CPU times: user 63 ms, sys: 4.45 ms, total: 67.5 ms
Wall time: 47.4 s


In [11]:
print(textwrap.fill(result))

The article discusses the concept of building autonomous agents
powered by large language models (LLMs). It explores the components of
such agents, including planning, memory, and tool use. The article
provides case studies and proof-of-concept examples of LLM-powered
agents in various domains. It also highlights the challenges and
limitations of using LLMs in agent systems.


In [12]:
chain.__fields__.keys()

dict_keys(['memory', 'callbacks', 'callback_manager', 'verbose', 'tags', 'metadata', 'input_key', 'output_key', 'llm_chain', 'document_prompt', 'document_variable_name', 'document_separator'])

In [13]:
print(chain.llm_chain.prompt.template)

Write a concise summary of the following:


"{text}"


CONCISE SUMMARY:


## StuffDocumentsChain

The load_summarize_chain with chain_type stuff is really just an instance of a StuffDocumentsChain built from a PromptTemplate.

In [14]:
from langchain.chains.llm import LLMChain
from langchain.prompts import PromptTemplate
from langchain.chains.combine_documents.stuff import StuffDocumentsChain

prompt_template = """Write a concise summary of the following:
"{text}"
CONCISE SUMMARY:"""
prompt = PromptTemplate.from_template(prompt_template)

# Define LLM chain
llm = llm
llm_chain = LLMChain(llm=llm, prompt=prompt)

stuff_chain = StuffDocumentsChain(llm_chain=llm_chain, document_variable_name="text")

docs = loader.load()

In [15]:
%%time
result = stuff_chain.run(docs)

CPU times: user 57.4 ms, sys: 2.13 ms, total: 59.5 ms
Wall time: 5.1 s


In [16]:
print(textwrap.fill(result))

The article discusses the concept of building autonomous agents
powered by large language models (LLMs). It explores the components of
such agents, including planning, memory, and tool use. The article
provides case studies and examples of proof-of-concept demos,
highlighting the challenges and limitations of LLM-powered agents. It
also includes references to related research papers and provides a
citation for the article.


In [17]:
print(stuff_chain.llm_chain.prompt.template)

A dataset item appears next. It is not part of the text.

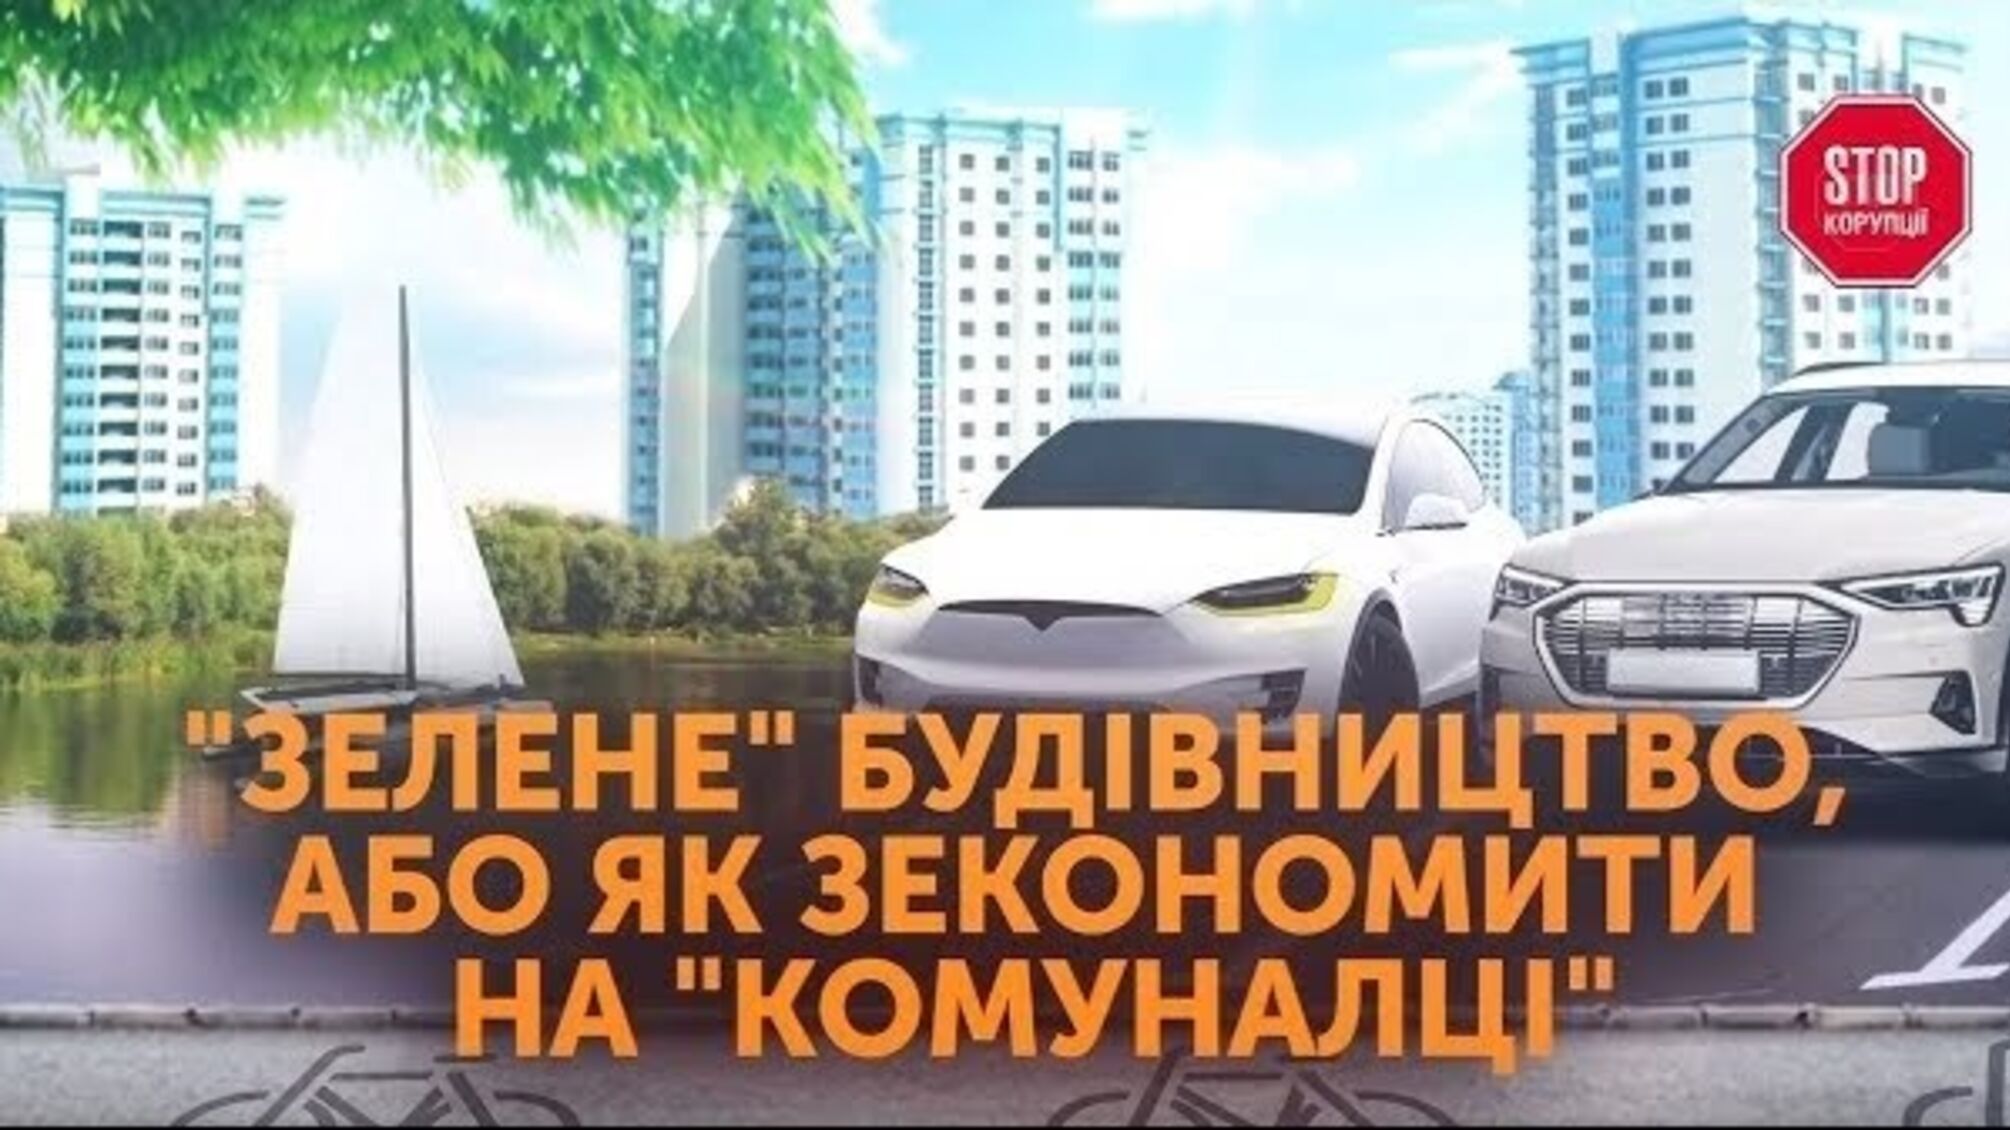 'Зелене' будівництво: в Києві будують екологічний житловий комплекс
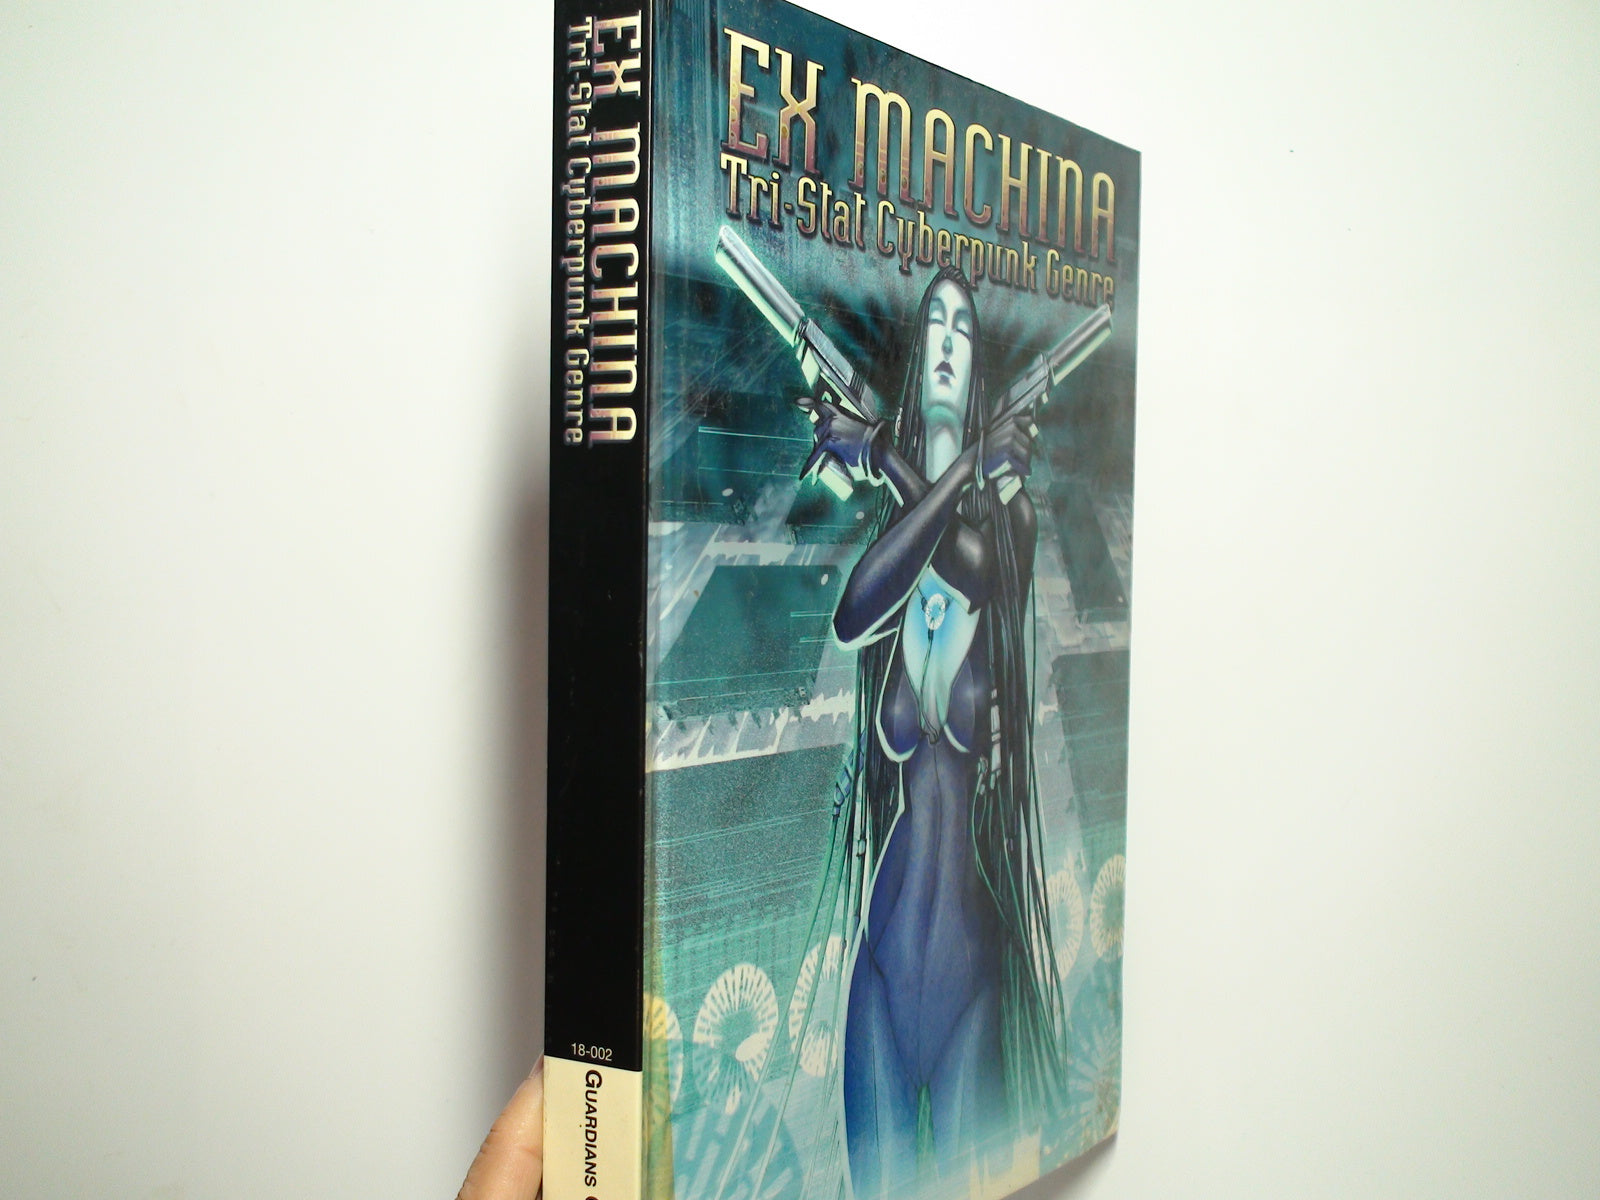 Ex Machina, Tri Stat Cyberpunk Genre, Guardians of Order, #18-002, 1st Ed, 2004

Write a concise summary of the following:
"{text}"
CONCISE SUMMARY:


## Map-Reduce

Now we explore the use of map-reduce to address inputs that are too large.

In [18]:
# Switching to gpt-35-turbo which has a smaller input window than gpt-3.5-turbo-16k.
llm = AzureChatOpenAI(deployment_name="gpt-35-turbo",
                      temperature=0,)

In [19]:
# Build the stuff chain around the smaller input window llm.
llm_chain = LLMChain(llm=llm, prompt=prompt)
smaller_stuff_chain = StuffDocumentsChain(llm_chain=llm_chain, document_variable_name="text")

In [20]:
# Generate the anticipated error.
try:
    smaller_stuff_chain.run(docs)
except Exception as e:
    print(f"Caught an Invalid Request Error: {e}")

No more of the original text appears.